# Show that a matrix has a right inverse

1. Apr 2, 2017

### Mr Davis 97

1. The problem statement, all variables and given/known data
Let $A$ be an $m \times n$ matrix with rank $m$. Prove that there exists an $n \times m$ matrix $B$ such that $AB= I_m$

2. Relevant equations

3. The attempt at a solution
So here is how far I get. I am given that $A$ has rank $m$. Since $L_A(x) = Ax$ is a map $\mathbb{R}^n \rightarrow \mathbb{R}^m$, this means that $L_A$ is a surjective map.
I know that in set theory, surjective maps must have right-inverses, so I get the sense that I am on the right track. But I am not sure how to continue the proof.

2. Apr 3, 2017

### nuuskur

You should be more precise in your expression. The fact that you have a map $\mathbb R^n\to\mathbb R^m$ doesn't imply it's surjective.

What do we know about $m, n$? Right iverses certainly exist [in fact, there's a whole family of such right inverses] when there are more columns than rows and the matrix $A$ has a full row rank.

The Rank-Nullity theorem provides a solution.

3. Apr 3, 2017

### Mr Davis 97

The Rank-Nullity theorem seems to tell me that $\text{nullity}(A) = n-m>0$. But I don't see how this helps me

4. Apr 3, 2017

### StoneTemplePython

my general approach is to make use of orthogonality for these things -- it is a much cleaner cut than general linear independence. Since we are in reals, consider using gram-schmidt and get:

$\mathbf A = \mathbf{T V}^T$

(this is an atypical factorization but one I used in another of your threads recently), or more typically:

$\mathbf A^T = \mathbf{Q R}$, hence $\mathbf A = \Big(\mathbf R^T \mathbf Q^T \Big)$.

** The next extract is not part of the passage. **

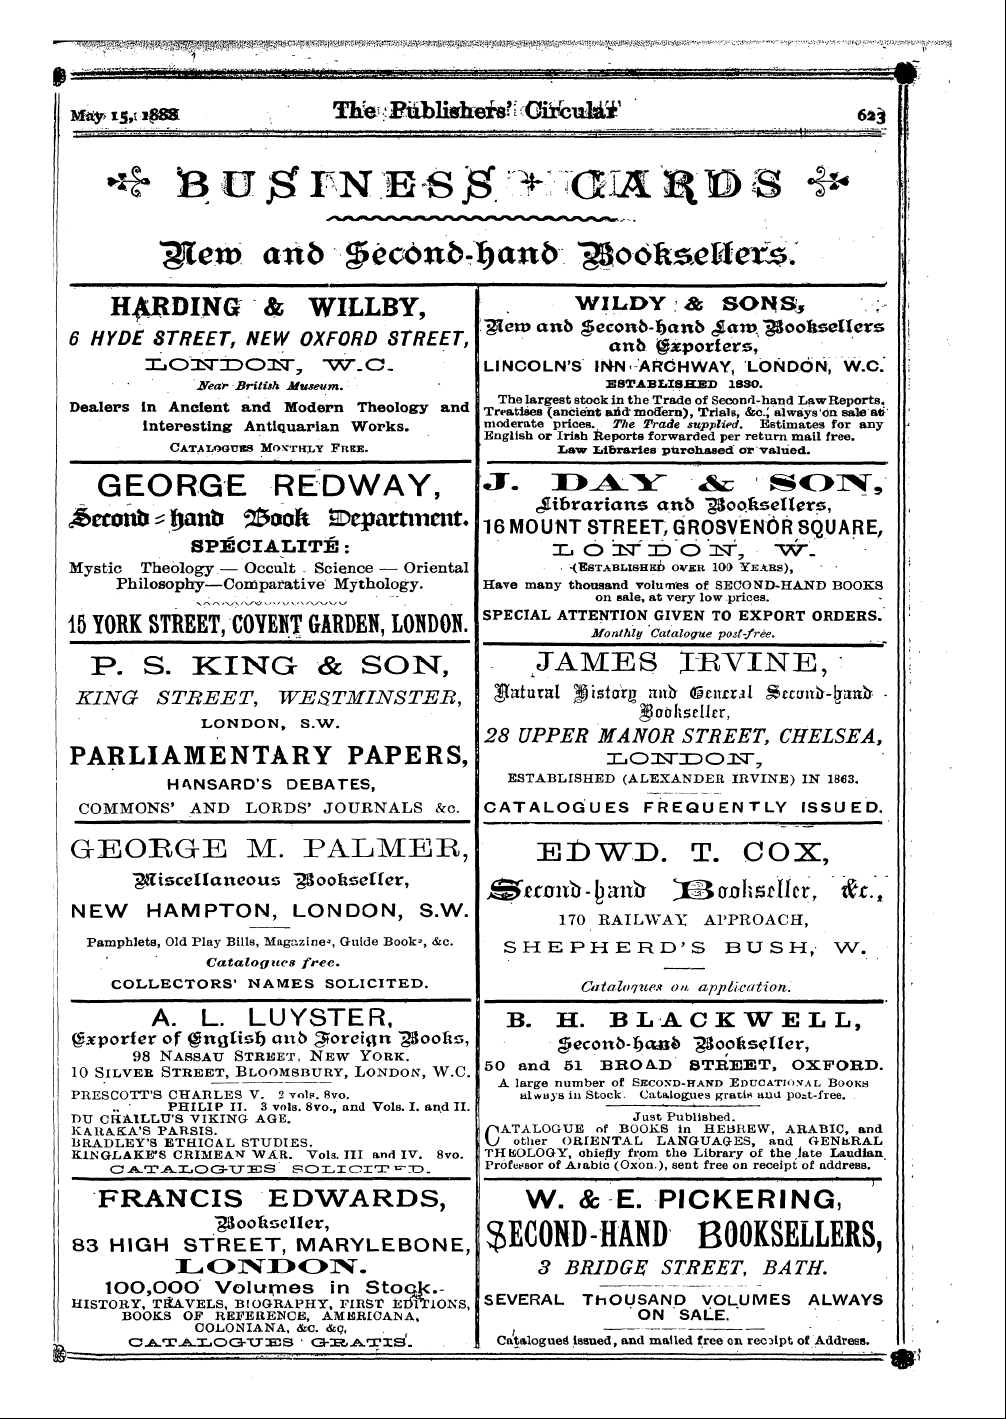 Publishers’ Circular (1880-1890): jS F Y, 1st edition - Ad12505

Where $\mathbf Q$ is orthogonal, but not full rank (it is n x m) and $\mathbf R$ is square m x m matrix.

What happens if you multiply

$\Big( \mathbf R^T \mathbf Q^T\Big) \Big(\mathbf Q\Big) = \mathbf R^T \big(\mathbf Q^T \mathbf Q\big) = \mathbf R^T$. So we need to be able to invert $\mathbf R^T$... how do I know that $\mathbf R^T$ is invertible?

You could also use Singular Value Decomposition to get this.